Looking to bolster the pool of trained natural gas industry workers while also reaching out to U.S. military veterans, DTE Energy has rolled out a seven-week pilot program that’s preparing Michigan veterans for jobs as maintenance fitter apprentices, which, if successful could be a model for programs nationwide.

Detroit-based DTE Energy acknowledged that the job prospects for American soldiers coming home from tours of duty in Afghanistan and Iraq are often bleak, adding that Michigan has the highest veteran unemployment rate in the country at 30%, with some Michigan-based military units nearing 40%.

Dubbed Natural Gas Boot Camp, DTE Energy said it is hoping to change the trend of high veteran unemployment. “Our veterans are a highly-skilled, tough-minded, physically fit group of people, and the government has already made a significant investment in their training,” said Bob Richard, DTE Energy senior vice president, Gas Operations. “They’re a tremendous resource, but despite the unemployment statistics, they’ve been difficult to recruit.”

DTE Energy’s operating units include Detroit Edison, an electric utility serving 2.1 million customers in southeastern Michigan, MichCon, a natural gas utility serving 1.2 million customers in Michigan and other nonutility, energy businesses focused on gas storage and pipelines, unconventional gas production, power and industrial projects, and energy trading.

Natural Gas Boot Camp was developed last spring in meetings between DTE Energy and Brigadier Gen.
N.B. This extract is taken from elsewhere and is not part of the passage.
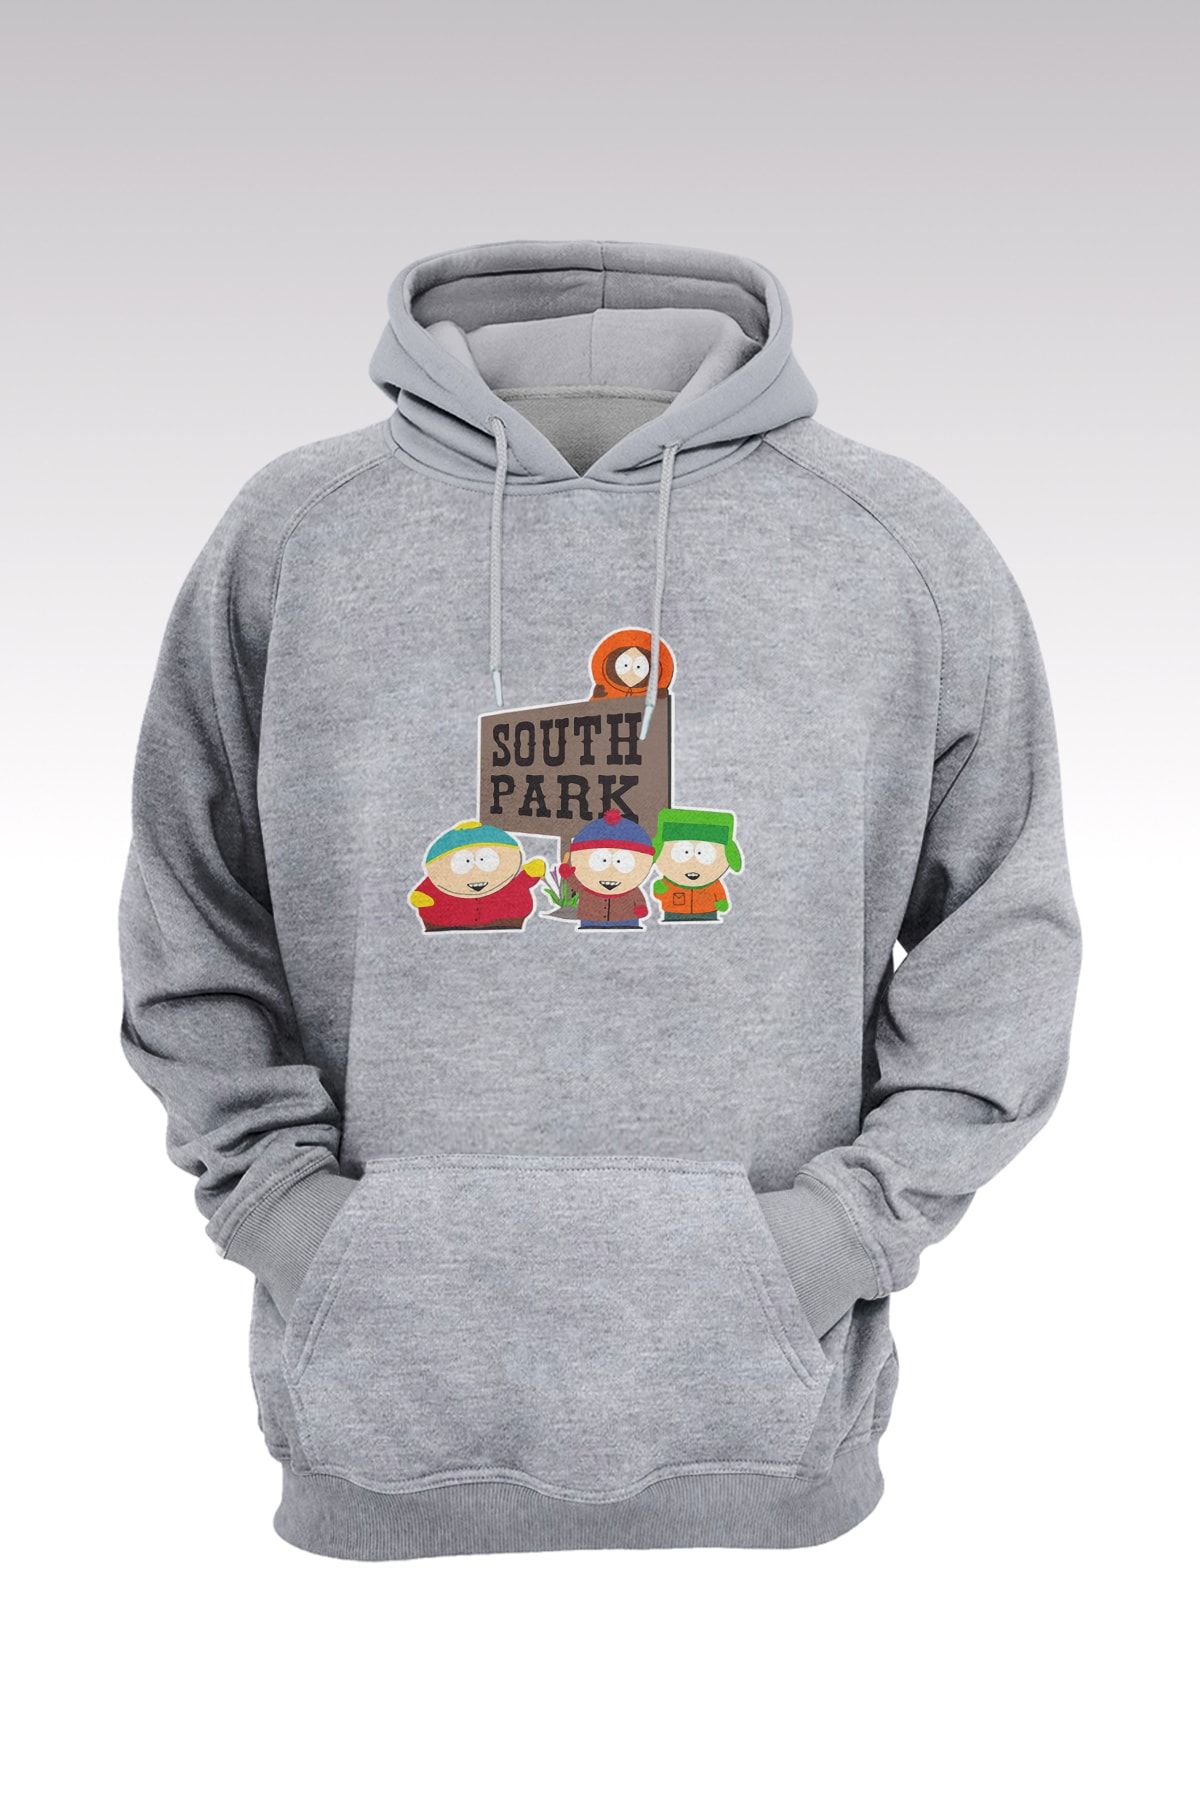 Genel Markalar South Park 154 Gri Kapşonlu Sweatshirt - Hoodie

Michael Stone of the Michigan National Guard. While the utility has been trying to boost its veteran recruitment, the Michigan National Guard, with support from Gov. Rick Snyder, has been looking for solutions to the state’s veteran unemployment that could be applied nationwide.

“Training veterans for maintenance fitter apprentice positions seemed like a natural place to start,” Richard said. “These are tough jobs and veterans, in addition to their skills, possess many of the other qualities needed such as physical fortitude and strong determination.”
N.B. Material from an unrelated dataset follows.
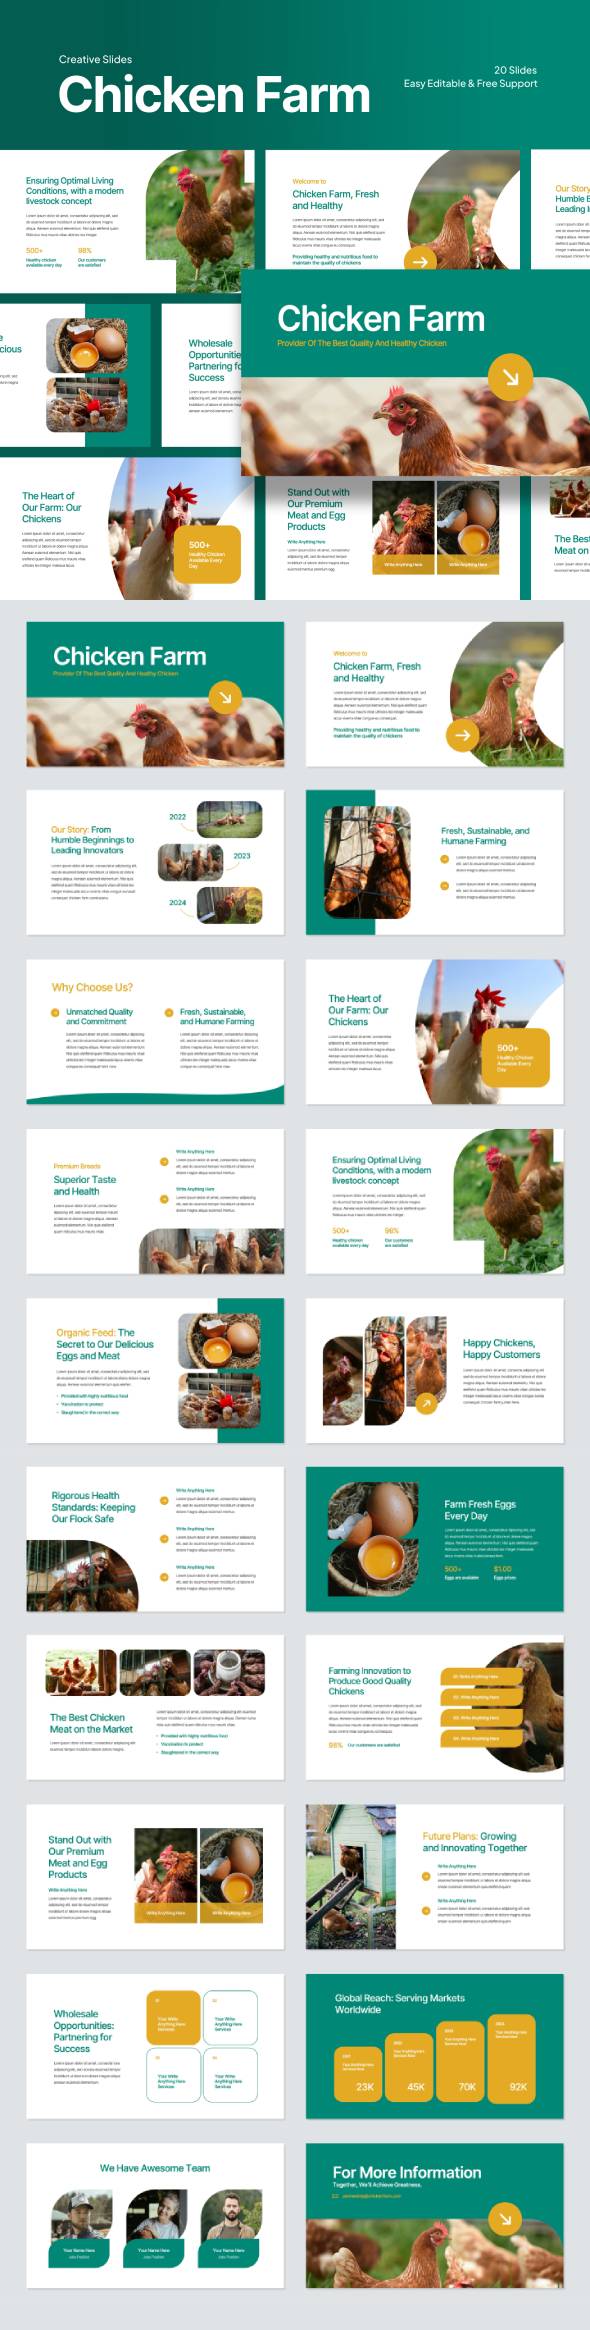 [DOWNLOAD]Chicken Farm Google Slides Template

While much has been made recently of the jobs boom brought on by the shale oil and gas development bonanza, utility, pipeline and other segments of the industry are also looking for qualified applicants as the current workforce gets older.

DTE Energy worked on the Boot Camp curriculum and brought in partners to build the project, including Local 223 of the Utility Workers Union of America, Consumers Energy, Alpena Community College, Schoolcraft Community College, the Center for Energy Workforce Development and the Michigan Workforce Intelligence Network.

In the first camp, more than 20 veterans began training last month at Camp Grayling, a Michigan National Guard training facility. They have completed four weeks of classes taught by Alpena Community College instructors in Grayling, followed by three weeks of hands-on instruction at Camp Grayling. A second Boot Camp, sponsored by Consumers Energy, is running concurrently in the metro Detroit area.

DTE Energy noted that students were selected and pre-screened by the National Guard based on their skills, experience and aptitude for the job. While there is no guarantee of employment, the utility said students are expected to be well-qualified and ready to start careers in the energy industry upon graduation.

“This is not just about finding a job for Michigan’s veterans; it’s about helping our heroes enter into meaningful careers,” Stone said. “While our civilian population spent the time right after high school seeking higher education and developing careers, these men and women spent their time fighting the wars of this nation. Our goal is to build and test drive a program that will benefit veterans and employers here in Michigan and throughout the country.”